ばくち打ち
第6章第3部:振り向けば、ジャンケット(12)
本当は、優子に欲を出してほしくなかった。
なぜなら、欲を出すと判断に負荷がかかる。
判断に負荷がかかれば、サイドを誤るケースが多くなった。
無欲自在が博奕では一番なのだが、そもそも無欲であるなら博奕など打たないだろう。
しかも6000万円の取り分となるなら、大金持ちならまた別だろうが、20代半ばの女性が無欲というわけにもいくまい。
博奕街道は、メビウスの輪。交差することなく、同じ道をぐるぐると回りつづける。
* * *
『三宝商会』主催のバカラ大会の前日金曜日の午後から、参加者たちは集まってきた。
広告屋の宮前と小田山、一応広告屋の看板は掲げているが本業は金貸しだろう百田。この大会の言い出しっぺだった釜本に、個人営業ジャンケットの札幌の五島が自分の客を一人連れている。五島も打ち手として登録してあった。
あとは、首都圏と九州から3人ずつ。
小田山と百田を除けば、良平のテーブルに坐る頻度の差はあっても、全員が常連と呼んでもいい客たちだった。

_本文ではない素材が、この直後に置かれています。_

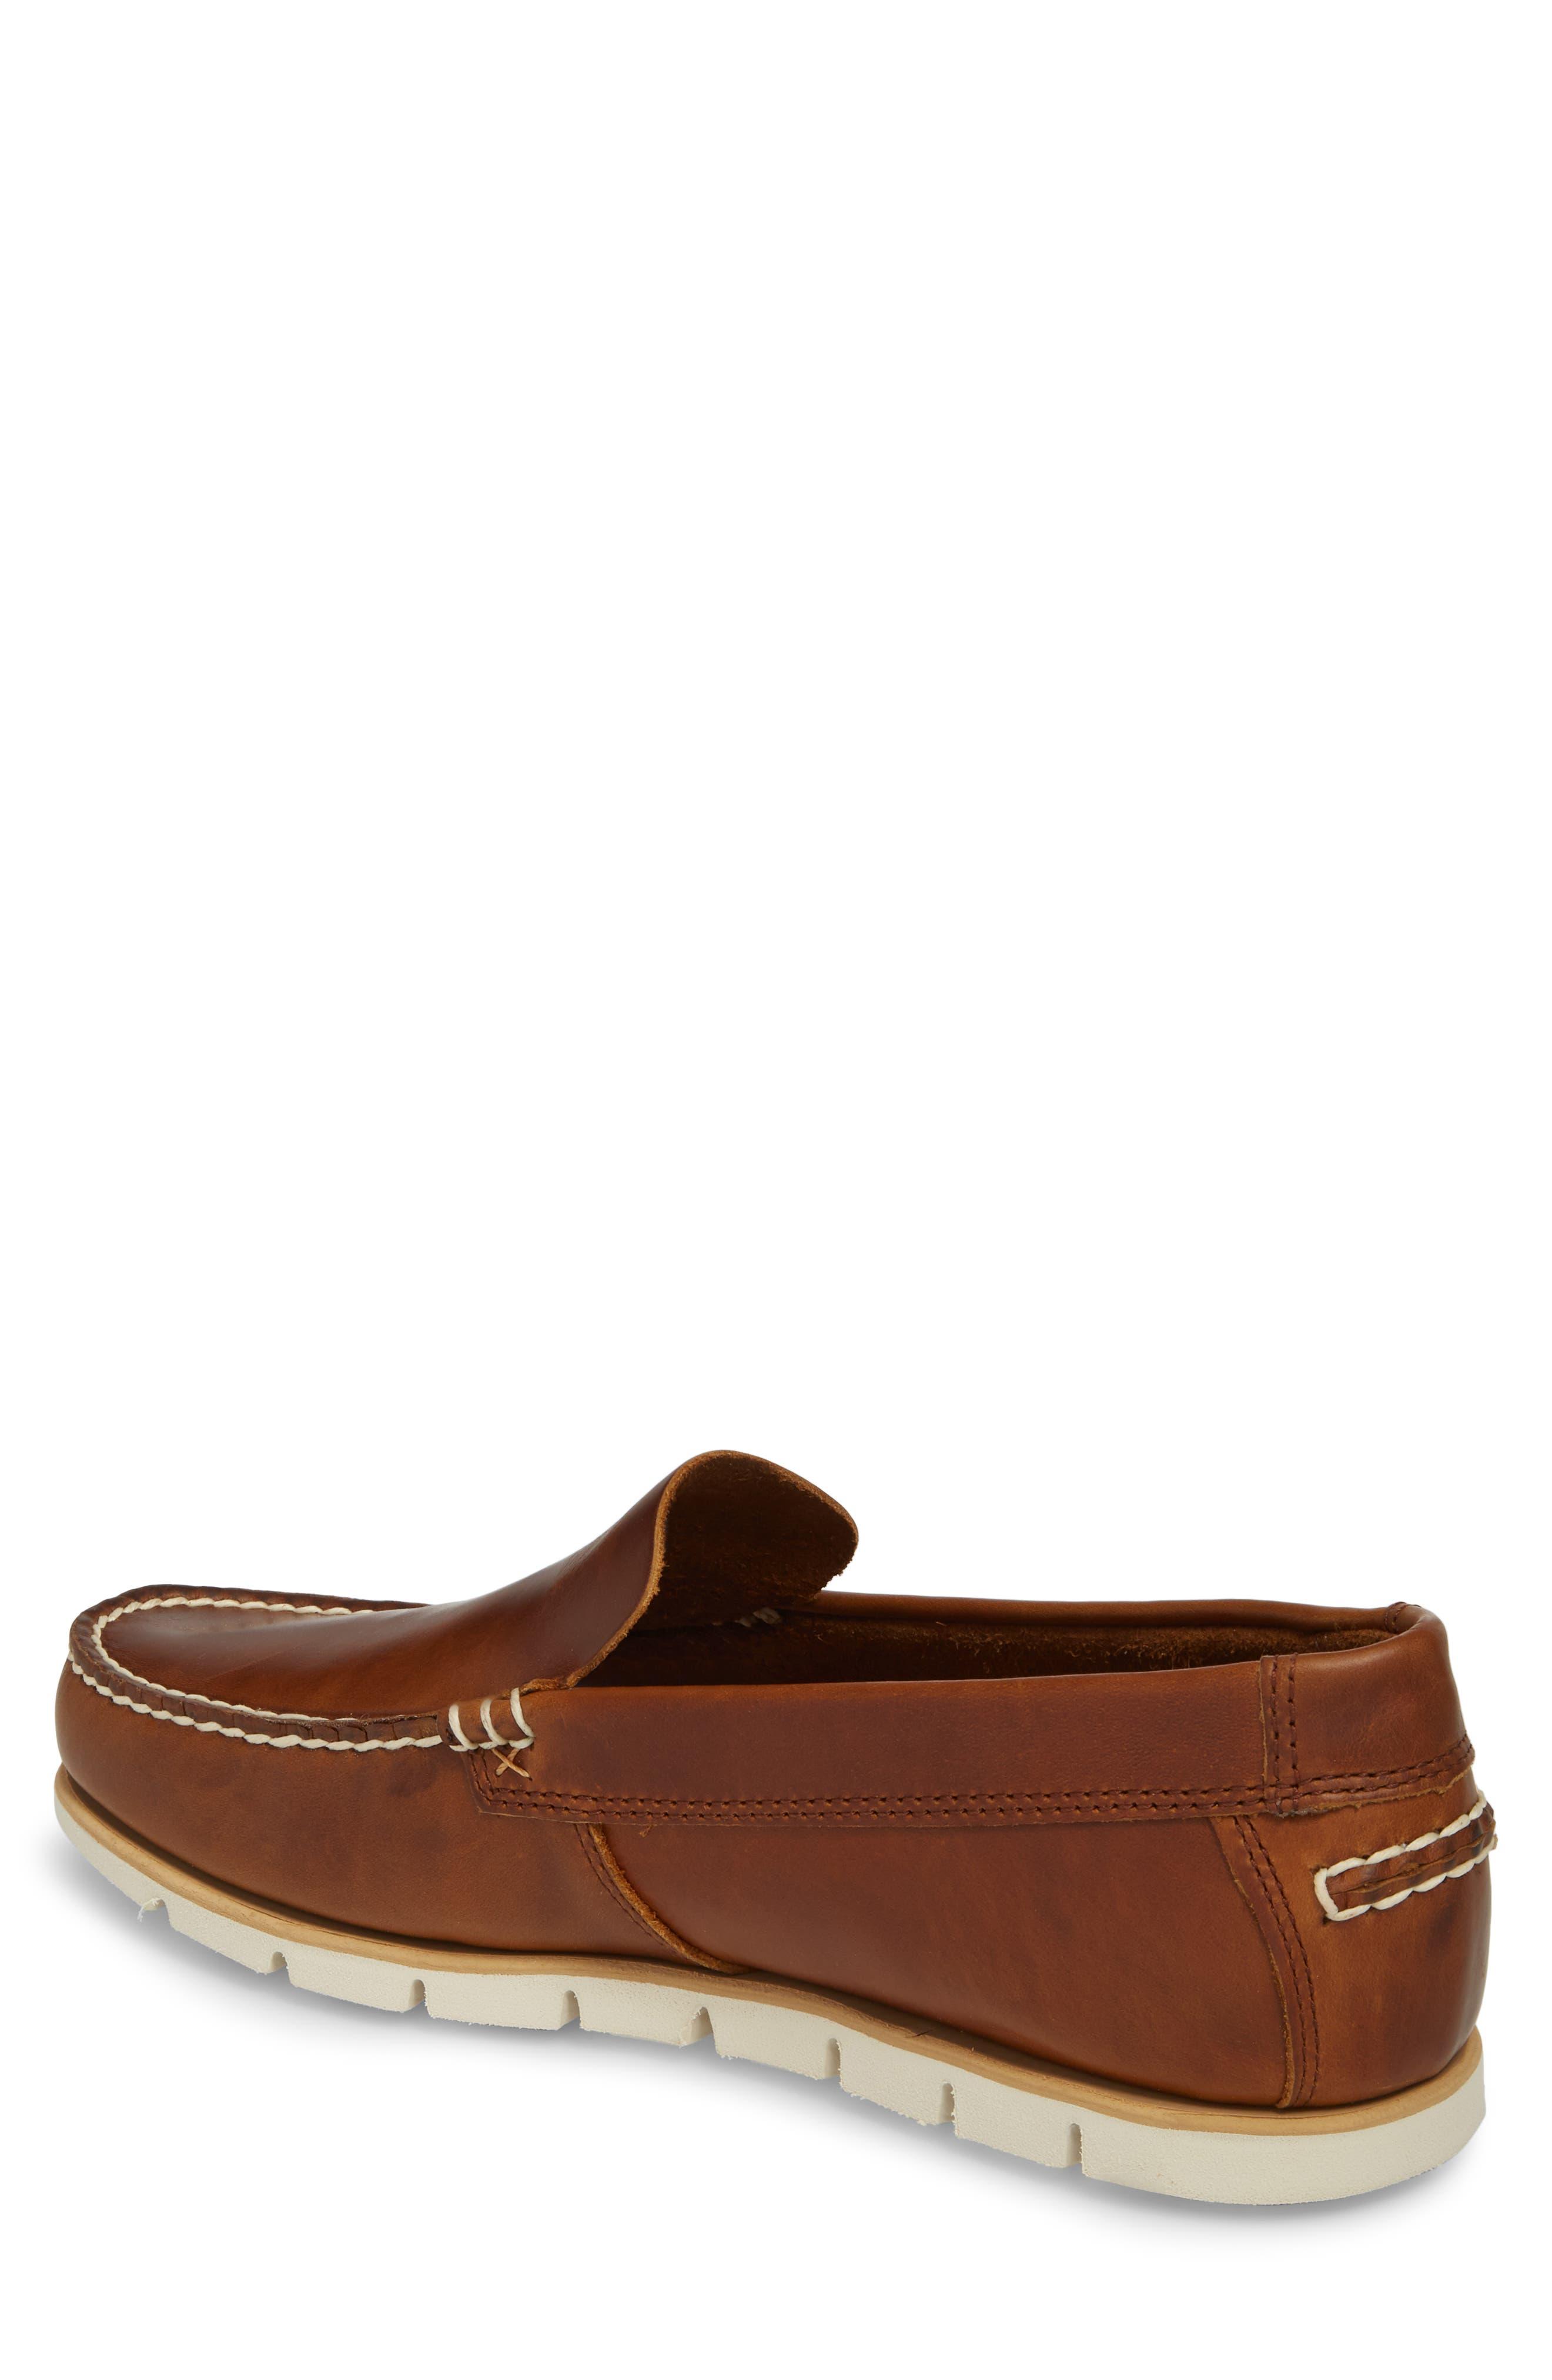 Tidelands Venetian Loafer,                             Alternate thumbnail 2, color,                             Brown

だいたい一回の滞在に100万HKD(1500万円)を持ち込む客層である。
今回は大会参加費があることだから、その倍くらいの持ち込みであろう。
これに優子を加えれば、6人掛け二卓が埋まった。
「どうだね、ローリングの方は?」
5Fのジャンケット・フロアに降りて、都関良平は優子に訊いた。
「よく回ってるみたいですね。合わせればすでに2000万HKD(3億円)のアクション(=ローリング)があります」
フロアに隅に置かれたソファで、iPadを操作しながら、優子が答えた。
10メートルほど離れたテーブルから、日本のバカラ屋で使われる用語が聞こえてくる。
――優しくね、優しく。
――またナミちゃん(7対3のこと)だよ。
――ノーサイド(モーピンのこと)なのに、こんなところで毛じらみ(スペードのエースのこと)か。
――ショーショー(少々)。
正確には「シューシュー」なのだが、広東語バカラ用語の真似をしているつもりなのだろう。
夜はまだ始まったばかりだ。
この調子で回してくれれば、優子の大会参加費を負担しても、充分商売になりそうである。
「誰がいいんだね?」
と良平。
「不思議なことに、小田山さんなのです。もうバイインの3倍以上いっています」
と優子。
「博奕に不思議がありますか」
と、良平が苦笑いした。
「そういえば、そうです。でも前回の滞在では、このハウスのテーブルには『ゴト(=いかさま)』が入っている、と言ってお部屋に引き籠っちゃった人ですよ」
つられて優子も笑った。
「じゃ、自分が考えるのと逆のサイドを張っていて、それがばんばん的中してるんじゃないの」
そういう戦法もあった。
しかし、運から見放されているときは、それすら当たらない。
順で駄目、逆でスカ。
なにを試みても、裏目となる。
落ち目の博奕って、そういうものだった。(つづく)
第6章第3部:振り向けば、ジャンケット(11)
もっとも前年末に成立した法令によって、本年(2019年)末から、ジャンケット関係者を含むカジノ職員は、勤務時間以外にゲーミング・フロアに入ることが禁止されていた。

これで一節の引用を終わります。